While growing up I had so many dreams, some have changed and some have been made. I wanted to become an author, a climatologist, a social worker, a psychiatrist, a medical doctor, or a marriage counselor. During the past ten years of my life I had to give up on some of my dreams. My dream of becoming a marriage counselor and a social worker died when I chose the science stream. When I entered grade eleven I realized that I loved nature more than anything. I want to study geology and next year when I complete matric, I aspire to become a geologist. I haven’t given up on my dream of becoming an author yet; I’ll make it become true one day. For now my plans after completing matric is to study psychology. Taking in consideration the fact that many rural areas in South Africa don’t have access to these kinds of services.  A psychologist could offer therapy to help with stress.
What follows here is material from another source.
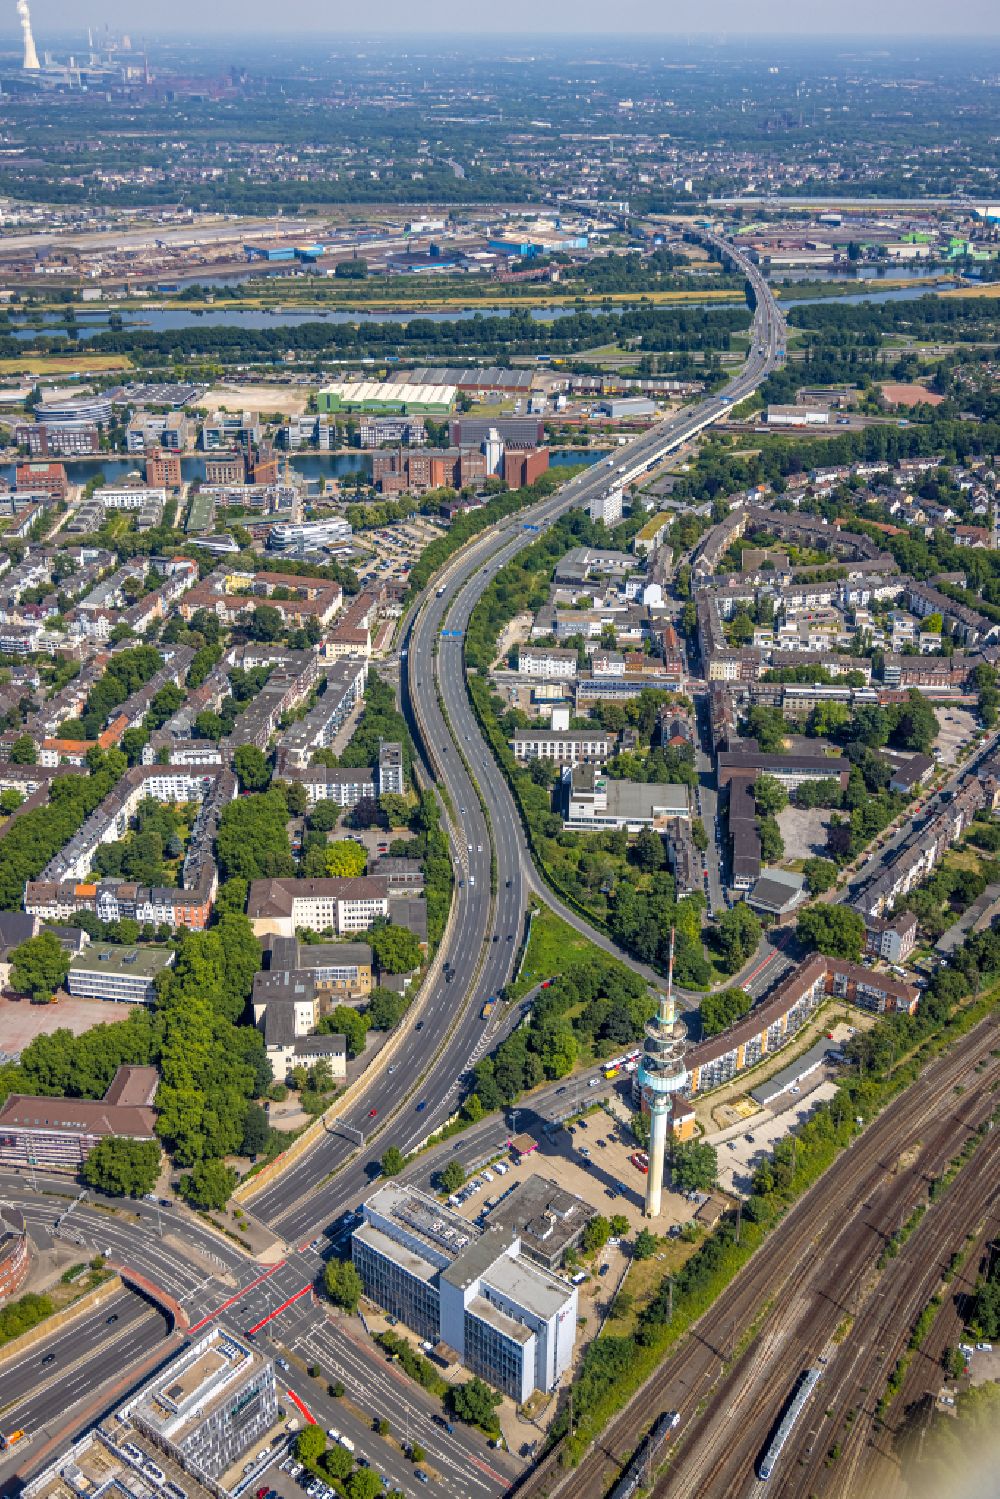 Aerial image Duisburg - Highway route A59 in in the district Zentrum in Duisburg in the state North Rhine-Westphalia, Germany
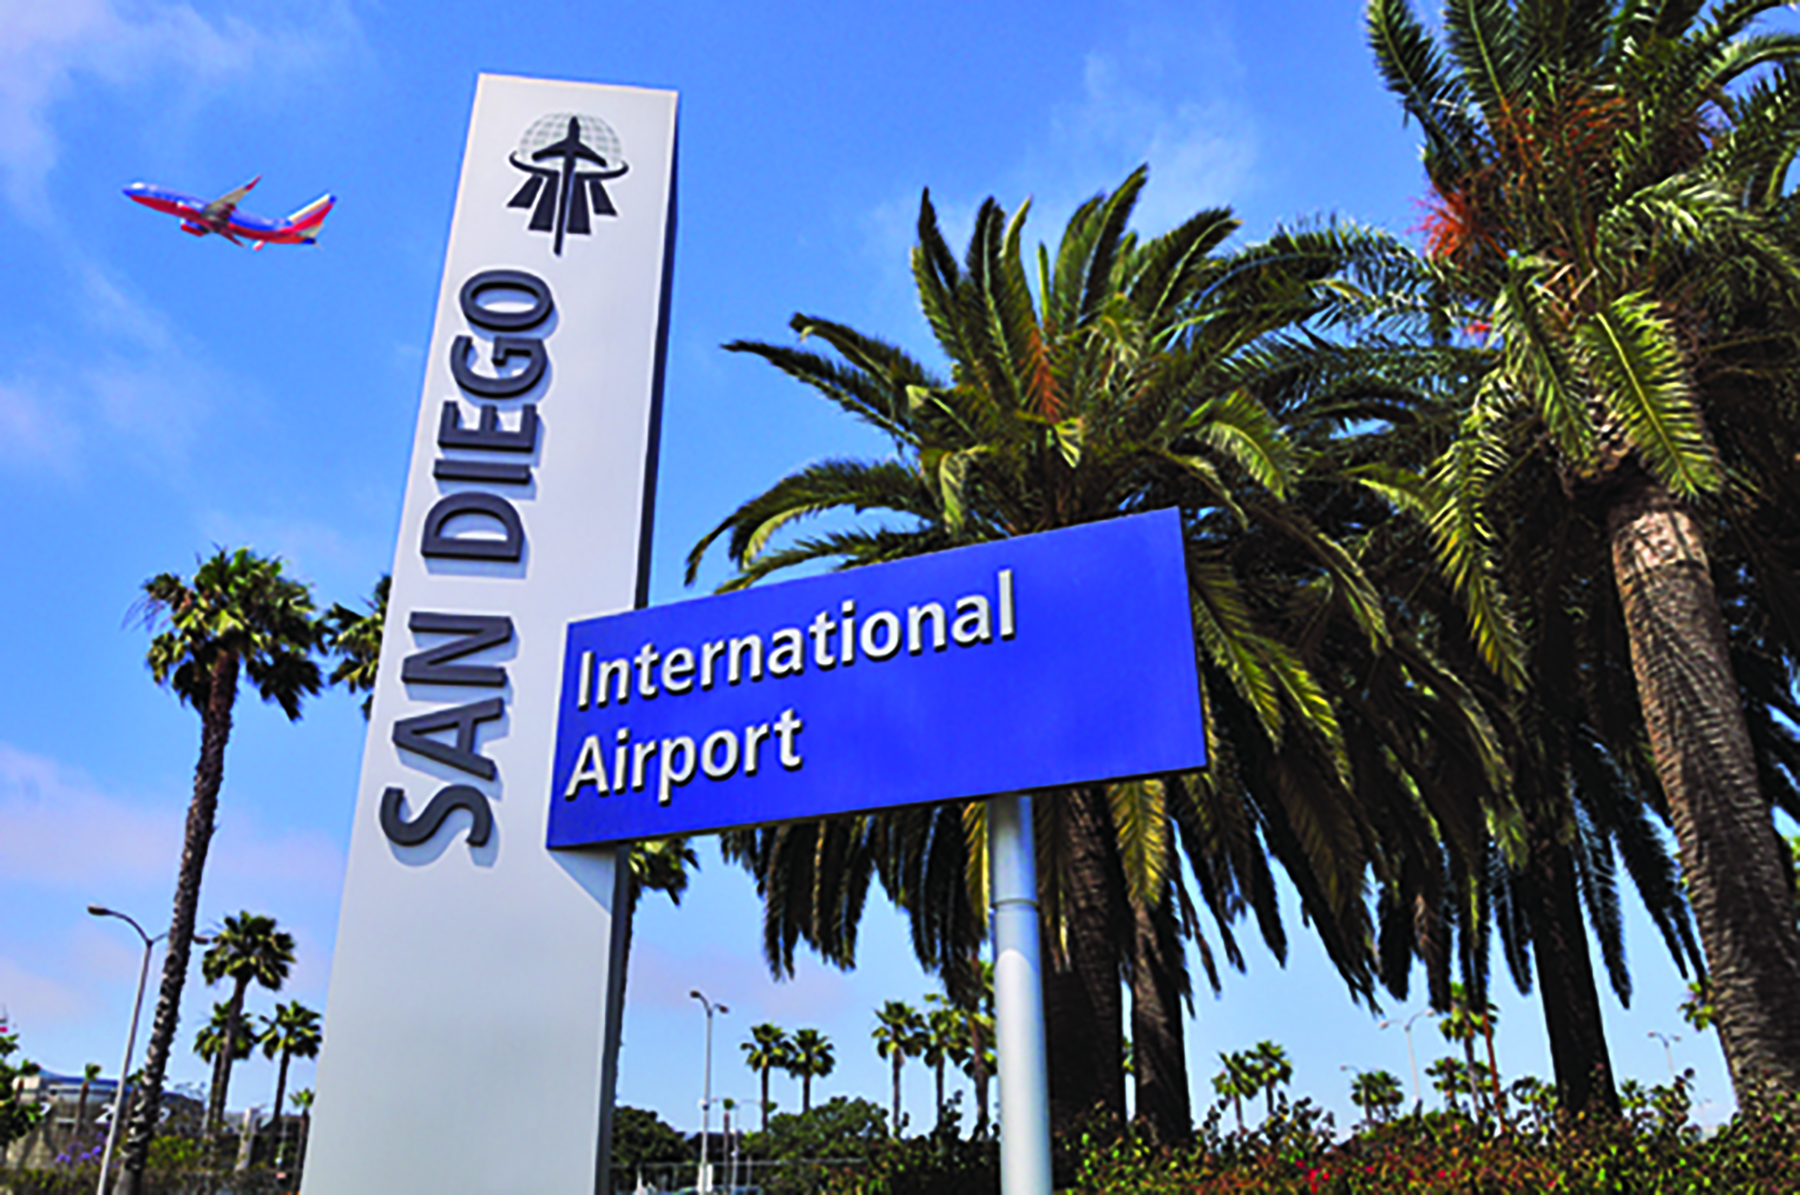 San Diego International Airport sign with plane

 I know now that the choices we make today determine whether we see tomorrow or not. Just like Jordin Sparks once sang “One step at a time, there’s no need to rush.” I’m taking it one step at a time. With these lyrics and with Mariah Carey’s song “Hero,” I know I can get pass the death of my father and live a happy life. It’s true that what goes around comes back around and what goes up must come down!
This is what and who I am; Portia Masima Masipa and nobody can ever change me. This is what I am!!!